PART 701--ORGANIZATION AND OPERATION OF FEDERAL CREDIT UNIONS

0
1. The authority citation for part 701 continues to read as follows:

    Authority: 12 U.S.C. 1752(5), 1755, 1756, 1757, 1758, 1759, 
1761a, 1761b, 1766, 1767, 1782, 1784, 1786, 1787, 1789. Section 
701.6 is also authorized by 15 U.S.C. 3717. Section 701.31 is also 
authorized by 15 U.S.C. 1601 et seq.; 42 U.S.C. 1981 and 3601-3610. 
Section 701.35 is also authorized by 42 U.S.C. 4311-4312.


Sec.  701.31  [Amended]


0
2. Amend Sec.  701.31 as follows:
0
a. In paragraph (a)(1), remove the words ``, which is as follows:'' and 
remove the indented definition parenthetical ``An oral or written 
request for an extension of credit that is made in accordance with 
procedures established by a creditor for the type of credit 
requested''.
0
b. In paragraph (c)(5) in the first sentence, remove the words ``a copy 
of the appraisal used in connection with that member's real estate-
related loan application'' and add in their place the words ``a copy of 
the appraisal used in connection with that member's application for a 
loan to be secured by a subordinate lien on a dwelling'', and, in the 
second sentence, remove the words ``real estate-related loan 
application'' and add in their place the words ``application for a loan 
to be secured by a subordinate lien on a dwelling''.

PART 722--APPRAISALS

0
3. The authority citation for part 722 continues to read as follows:

    Authority: 12 U.S.C. 1766, 1789 and 3339.

Sec.  722.3  [Amended]

0
4. Amend Sec.  722.3 as follows:
0
a.

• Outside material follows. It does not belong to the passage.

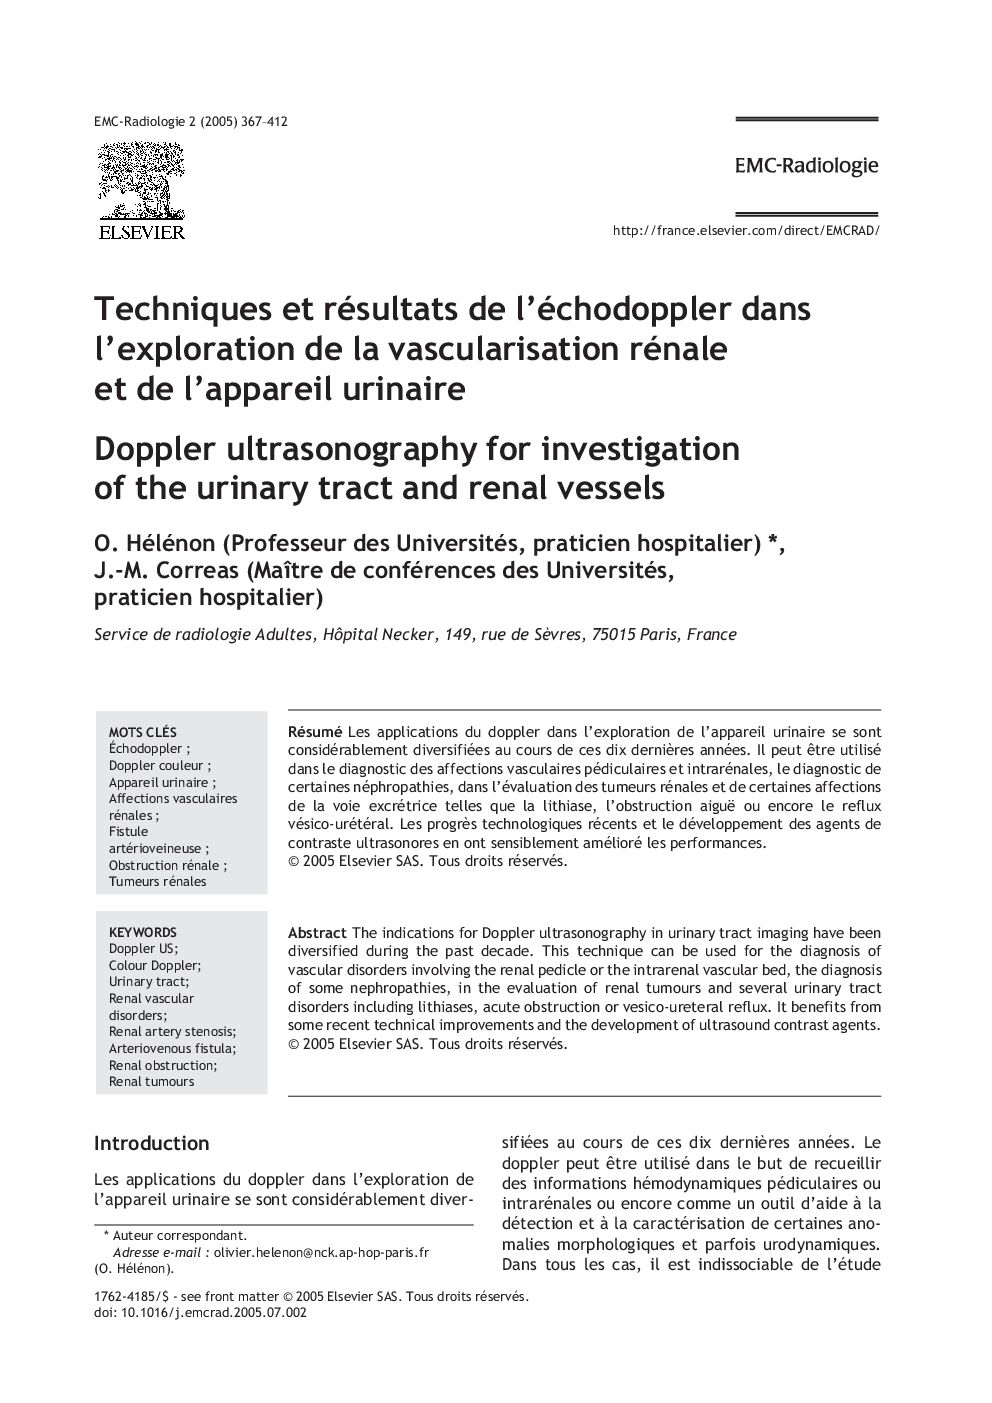 Techniques et résultats de l'échodoppler dans l'exploration de la vascularisation rénale et de l'appareil urinaire

In paragraph (a)(5) introductory text add the word ``lending'' 
before the words ``credit union'';
0
b. In paragraph (a)(5)(i) remove the word ``and'' and add in its place 
the word ``or''; and
0
c. In paragraph (a)(5)(ii) add the words ``, even with the advancement 
of new monies'' to the end of the paragraph.